◆ Exercise description
Below are lines of data, and only some are wanted. Please repeat exactly those from the line that has "Swedish grace style" through the line that has "Measures: 12.2".

◆ Provided records
--------

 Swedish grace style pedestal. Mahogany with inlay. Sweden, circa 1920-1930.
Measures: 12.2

--------

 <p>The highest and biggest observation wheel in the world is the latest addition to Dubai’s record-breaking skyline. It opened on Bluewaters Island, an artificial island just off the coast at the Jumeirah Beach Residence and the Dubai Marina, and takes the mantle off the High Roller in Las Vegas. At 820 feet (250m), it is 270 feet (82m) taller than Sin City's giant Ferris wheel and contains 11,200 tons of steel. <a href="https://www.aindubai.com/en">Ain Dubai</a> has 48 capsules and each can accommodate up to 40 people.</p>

--------

◆ Exercise output
 Swedish grace style pedestal. Mahogany with inlay. Sweden, circa 1920-1930.
Measures: 12.2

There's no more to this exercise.